Crowdin’ up the place

Everyone’s heard of roly poly’s before, haven’t they? They’re those little bug-like critters that, depending on the species, can roll up into little balls when threatened.  Scientifically known as isopods, and also commonly known as sow bugs and pillbugs, these critters can often be found bunched together in groups known as aggregations.

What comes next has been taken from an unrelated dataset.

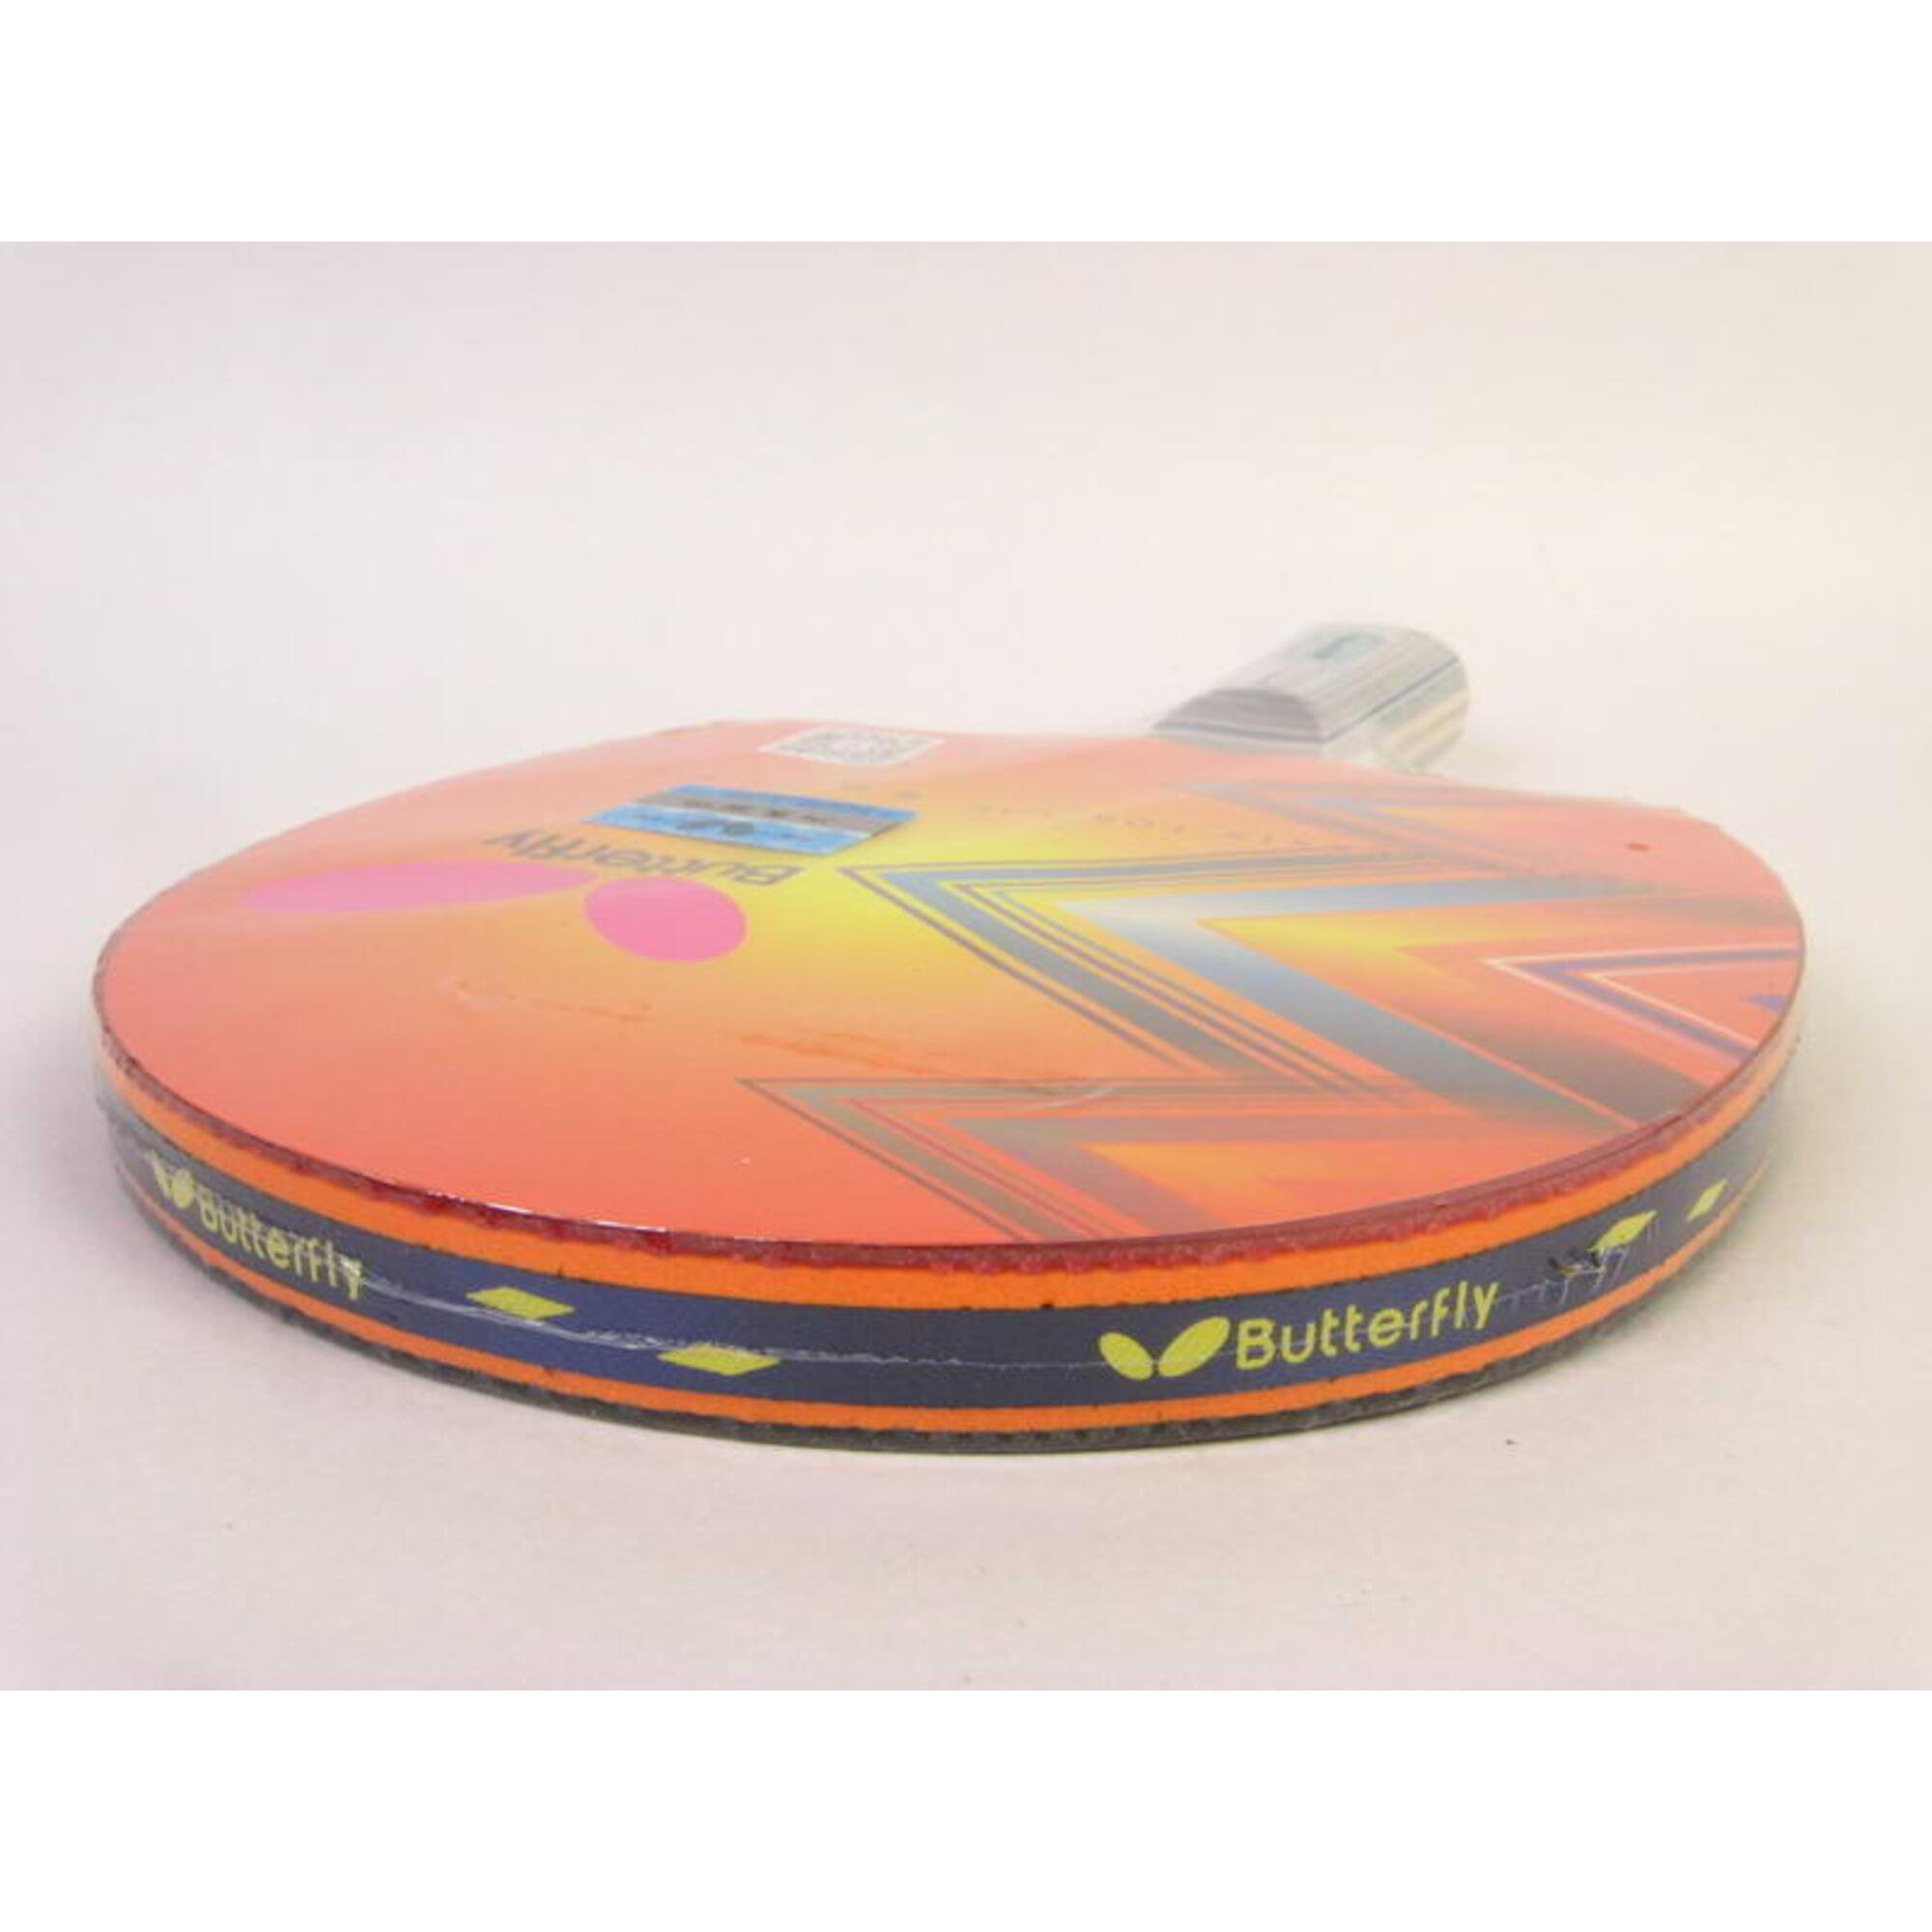 Butterfly 2 Series Table Tennis Racket, Short Handle, In two-sides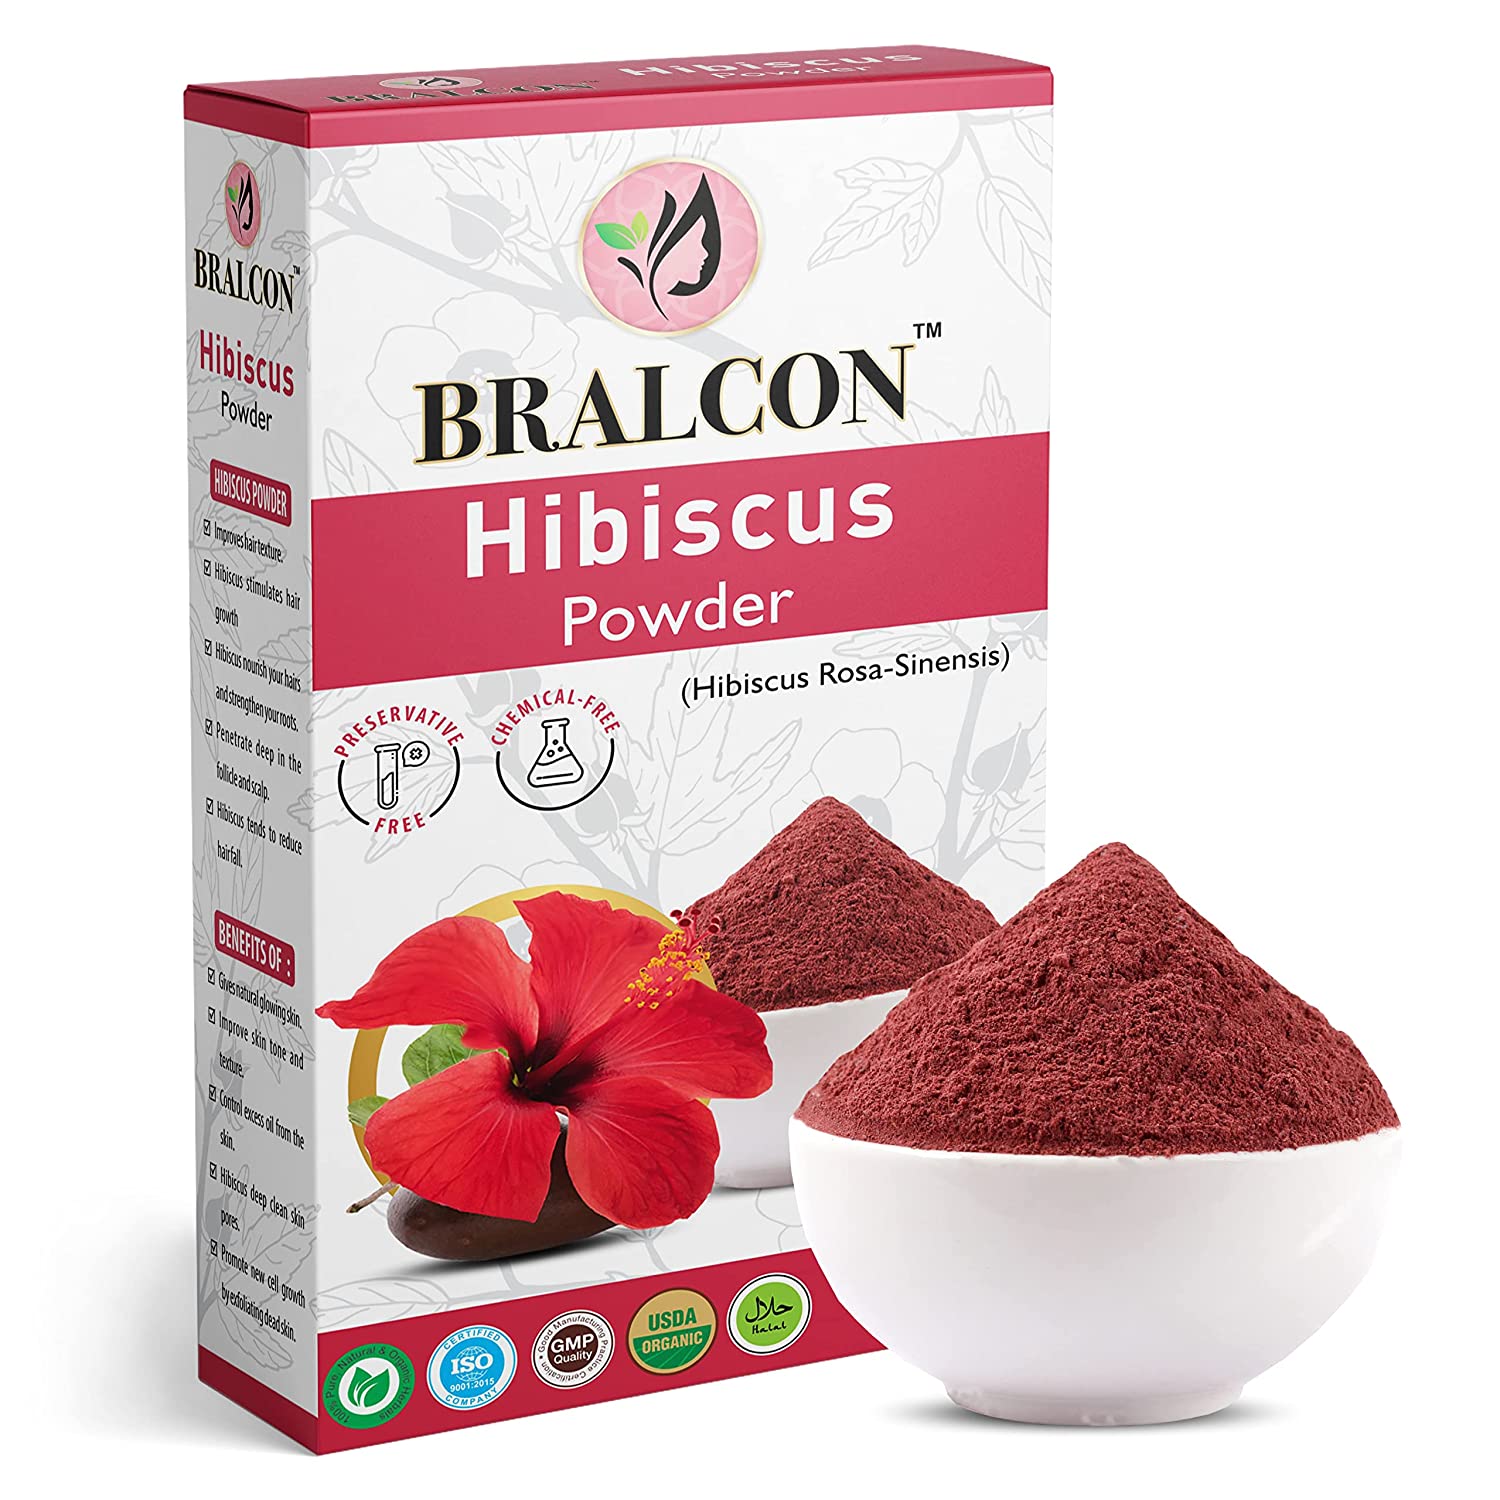 BRALCON Organic Hibiscus Powder-100g - Online Quality Store Official Website

Common Woodlice (Oniscus asellus) congregating under tree bark

Woodlice aggregating on moist wood. Photo credits:


So why do these guys tend to be found in groups? Some studies have suggested that aggregating is a way of preventing drying up. Terrestrial isopods breath using modified gills on their legs, and without water, they won’t function properly. By clumping together, they can increase the group’s overall volume, without increasing the surface area available for water loss as much. This reduces their chances of drying up!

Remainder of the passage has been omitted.